The inaugural Zeroday Cloud hacking competition in London has awarded security researchers a total of $320,000 for uncovering and demonstrating critical zero-day vulnerabilities in core cloud infrastructure components. Hosted by Wiz Research in partnership with major cloud providers like AWS, Microsoft, and Google, the event focused on identifying exploits in widely used database and container technologies.

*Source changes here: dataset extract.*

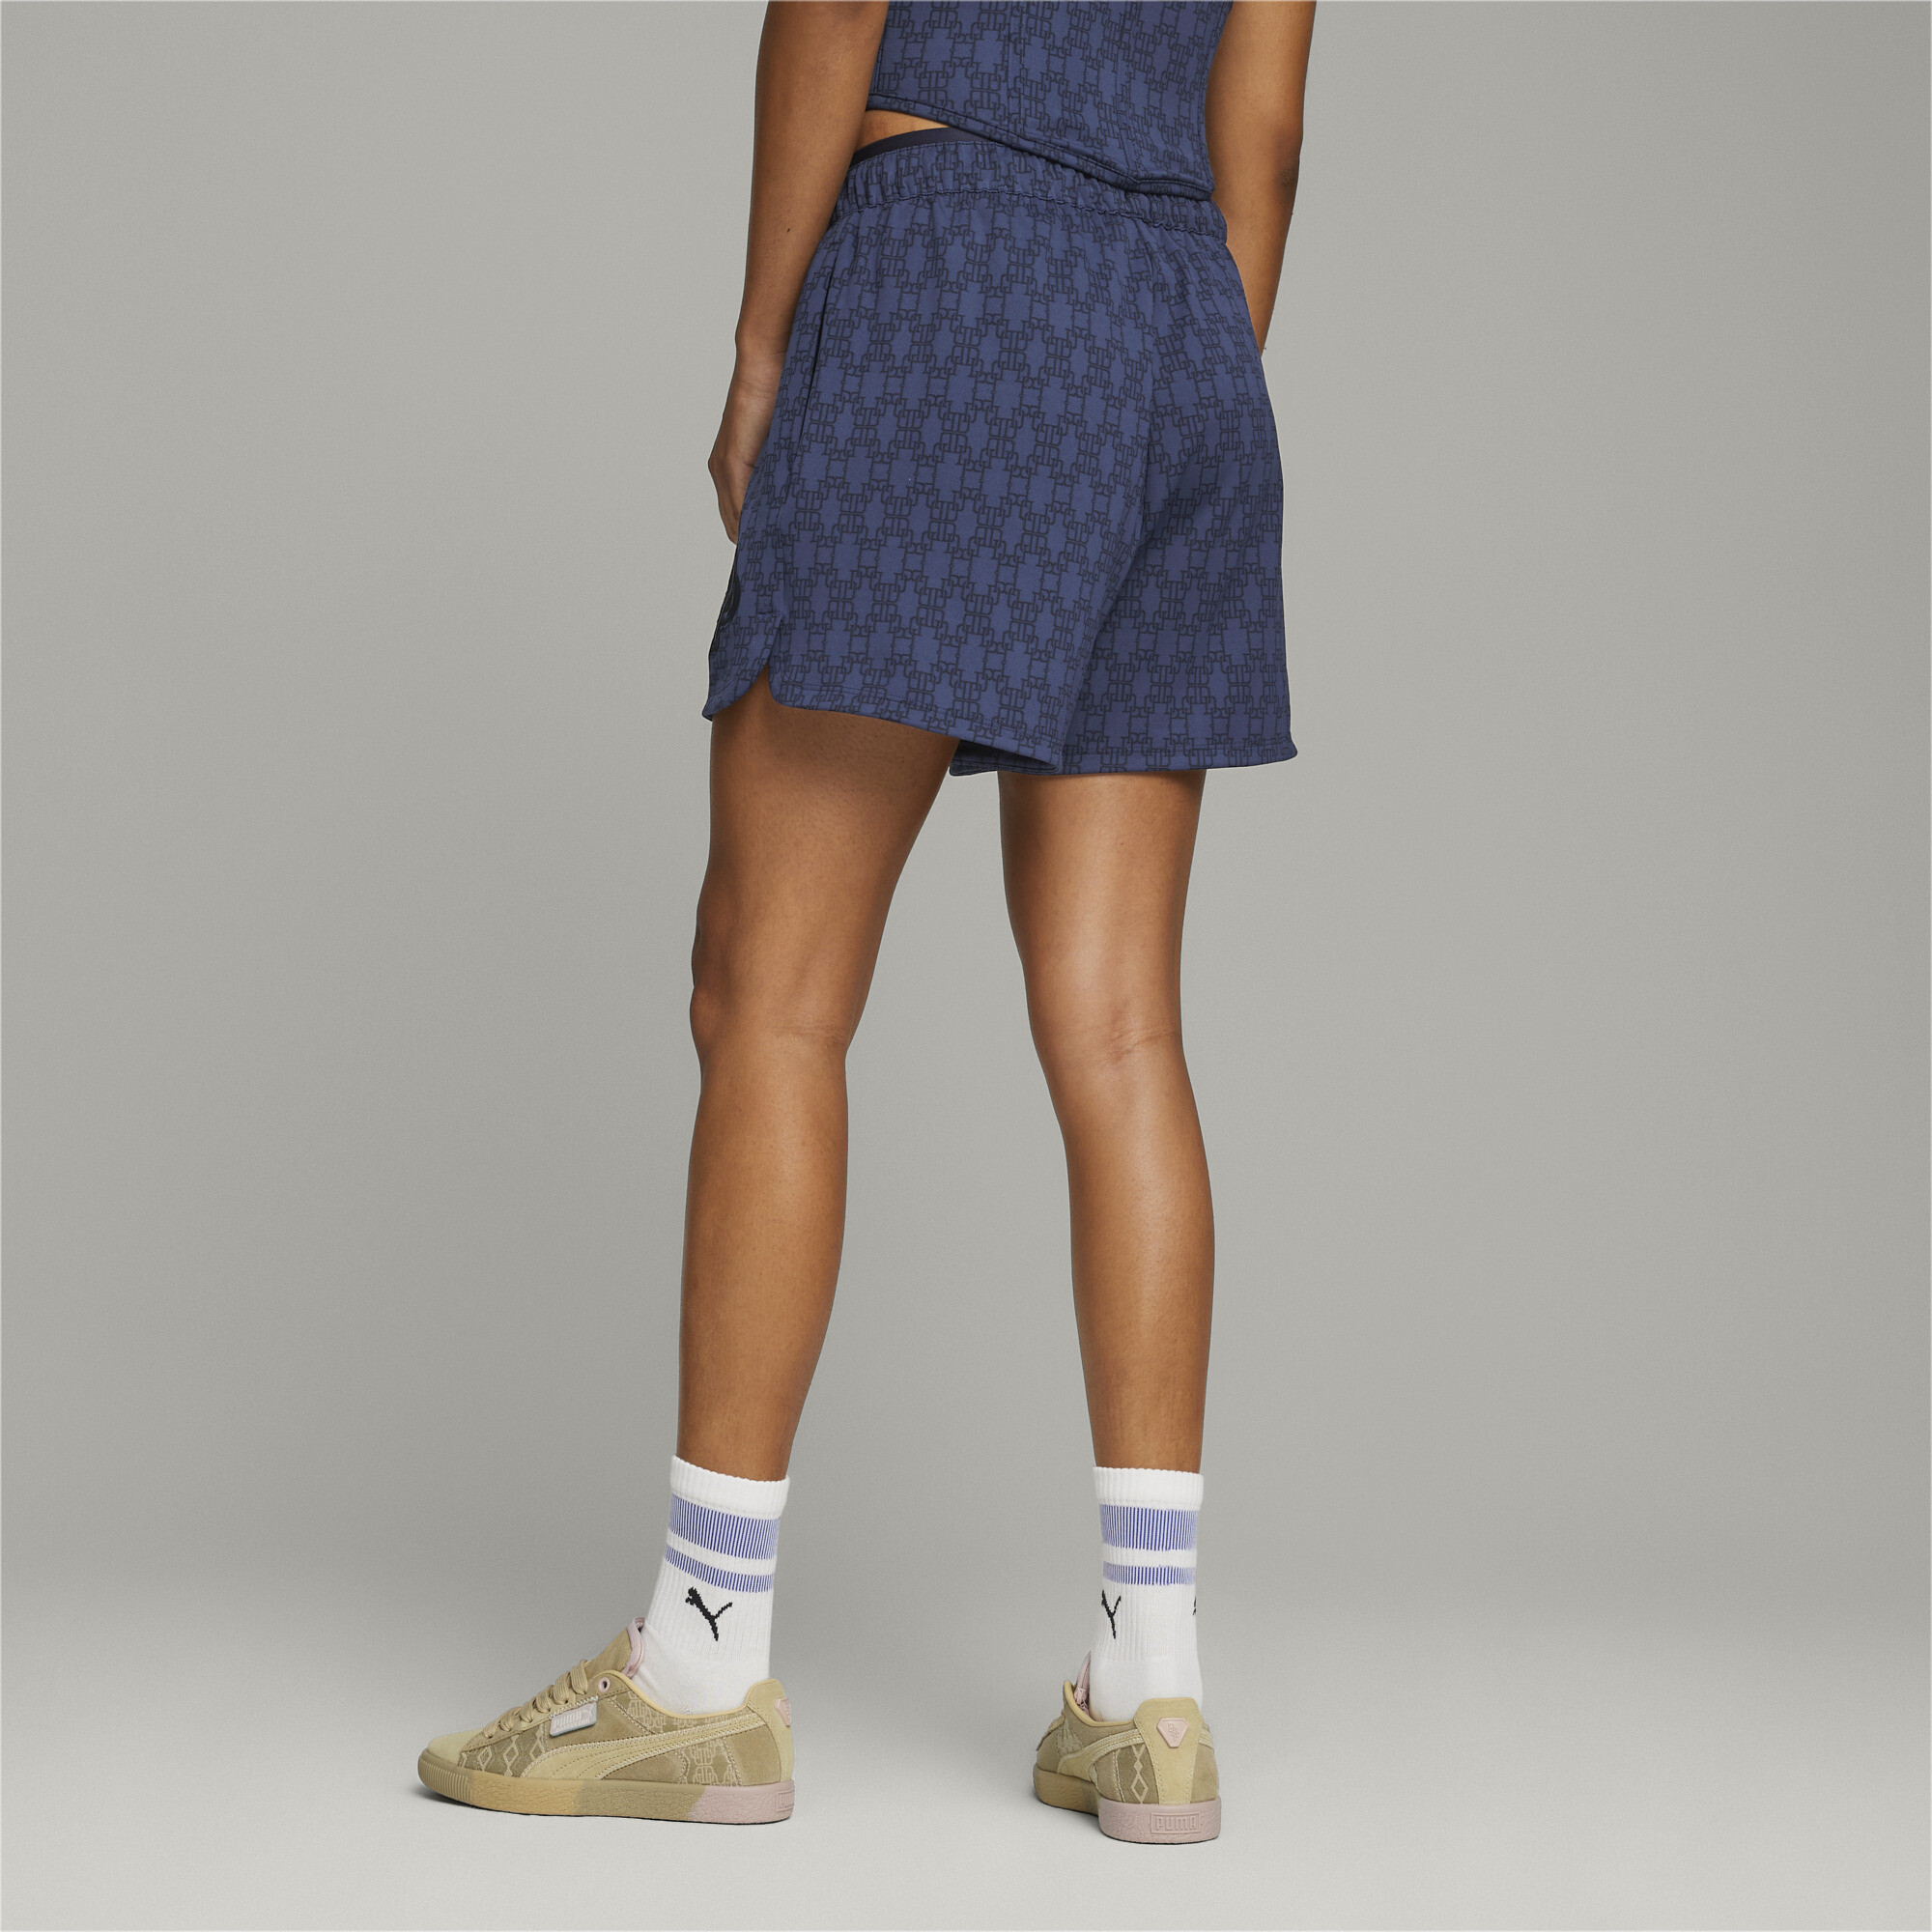 Women's PUMA X DAPPER DAN Shorts In Blue, Size Medium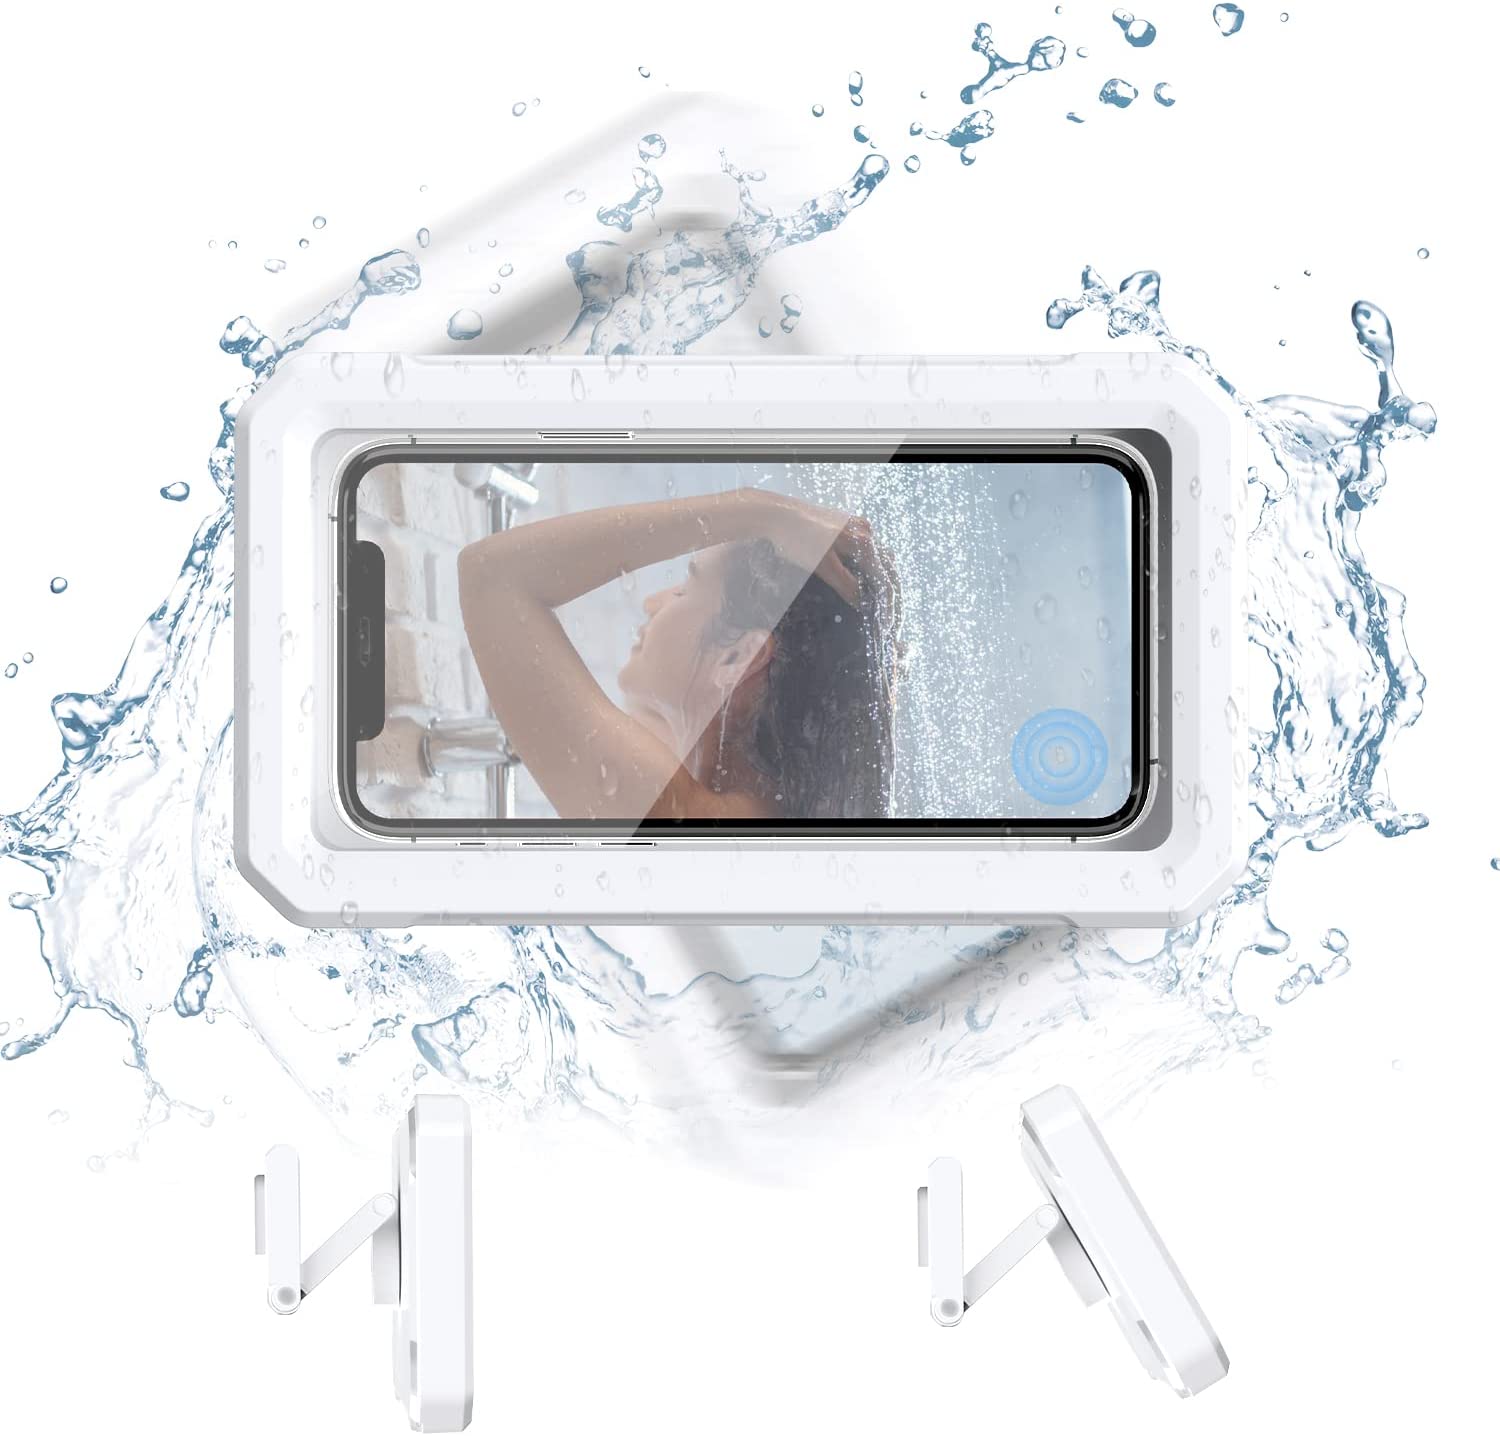 永遠の定番モデル 壁掛け 防水 ケース スタンド お風呂用 ホルダー スマホ お風呂 iPhone

Researchers achieved an 85% success rate across 13 hacking sessions, revealing 11 previously unknown flaws. The first day saw $200,000 awarded for exploits targeting Redis, PostgreSQL, Grafana, and the Linux kernel. On the second day, an additional $120,000 was granted for further compromises of Redis, PostgreSQL, and MariaDB. A particularly significant find was a container escape vulnerability in the Linux kernel, which could break the isolation between cloud tenants.
While successful in database and kernel targets, attempts to exploit AI inference platforms like vLLM and Ollama were unsuccessful. Team Xint Code emerged as the overall champion, earning $90,000 for three separate exploits. Despite the substantial payout, the total awarded represents only a small portion of the event's $4.5 million potential prize pool, as many other critical categories—including Kubernetes, Docker, and major web servers—remained unexploited.